While it’s not practical for many folks, it is a perfectly good idea to allocate some of your retirement funds to actual hard assets like . In fact, Young recommends that investors keep 10% of their portfolio in gold and foreign currencies. It is important to note that retail is not always easy. Looking to a trusted gold dealer is the best practice when buying gold.
Now is the time, more than ever, to invest in gold. Call United Gold Group at (800) 488-3903, and ask to speak to one of our Senior Account Executives, who will be more than willing to help you get on the right track and provide you with the input necessary to make informed and profitable decisions.
When deciding to invest in gold, there are many pitfalls you might want to avoid. This article guides you through the five most common gold investing mistakes.
When you owning gold stocks, they increase the risk to your portfolio simply because you are subject to the volatilities of the stock market. Contrary to belief, this is not investing in the precious metals, but rather investing in the stock market. You do not want to have to wasted your time analyzing balance sheets and statistics. Furthermore, your money would still be mere ‘paper’ and not a real asset. In order to avoid this mistake, do not buy stocks. Instead, buy physical bullion and store your acquired gold in a secure vault to calm your mind and knowing that you have complete control of your new asset.

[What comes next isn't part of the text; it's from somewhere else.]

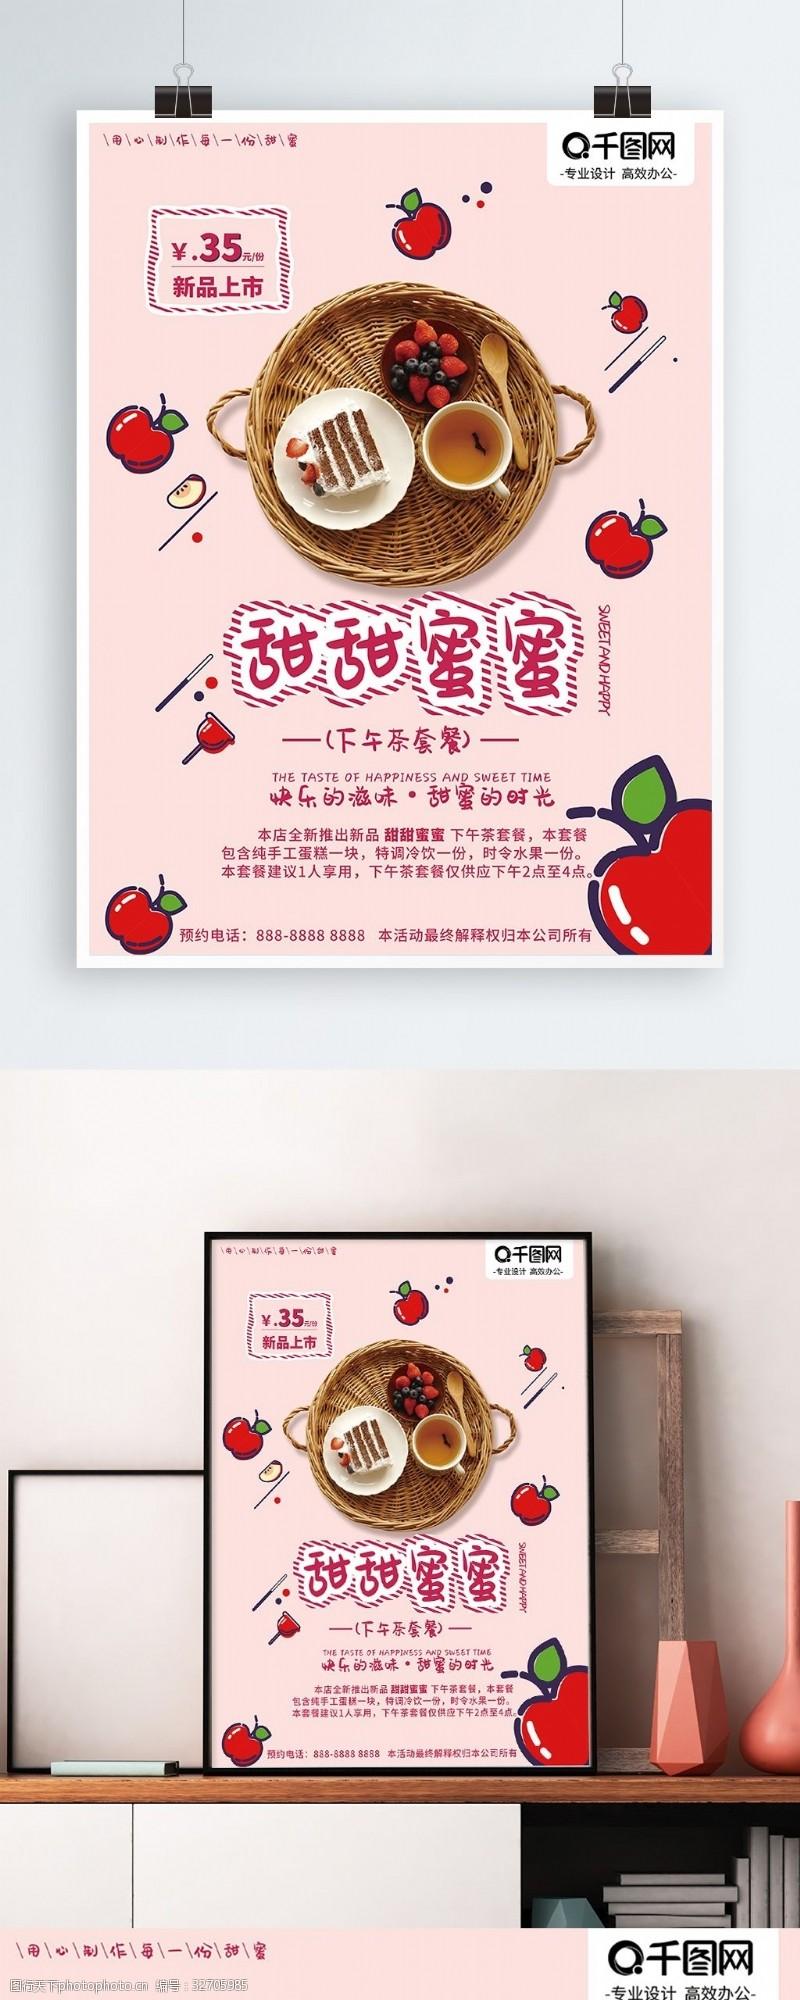 海報下午茶甜品店餐飲餐廳粉色蛋糕新品水果

Every investment requires a rock-solid plan. You should know your goals like your shoe and invest only in stuff that will bring you closer to your wanted outcome. In other words, if you fail to plan, you’re planning to fail!
Once you decided to invest in gold, do not believe that numismatic coins have the same value as gold bullion. A numismatic coin obtains its value not only from its low gold content, but also from its rarity and collectability of that certain coin. It is very hard to judge the purity of such a coin. In order to avoid the risk of it containing high levels of copper, and other non-precious metals, focus on standard gold bullion.
Lots of new investors all make the mistake of buying gold bullion from multiple bullion dealers. Not only is it harder and time-consuming to buy from many dealers at once, but you will also pay several different prices. Simply avoid this pitfall by buying in bulk from one dealer only. This will really limit the expenses and thus lowering your overall costs due to the improved rate you will receive in the end.
Taking action is likely the most important step in the entire investment process. However, if it is so simple, why don’t we just do it then?
The simple answer to the above, is fear. Fear is by far the biggest obstacle that holds you back. On the other hand, fear is what keeps us alive and makes us stay away from dangers. Thus it is really important to have the ability of balancing between the two types of fear.
Being to late to buy gold is huge mistake that many entry investors make. What you should focus on, is buying in the beginning of a cycle and not the end.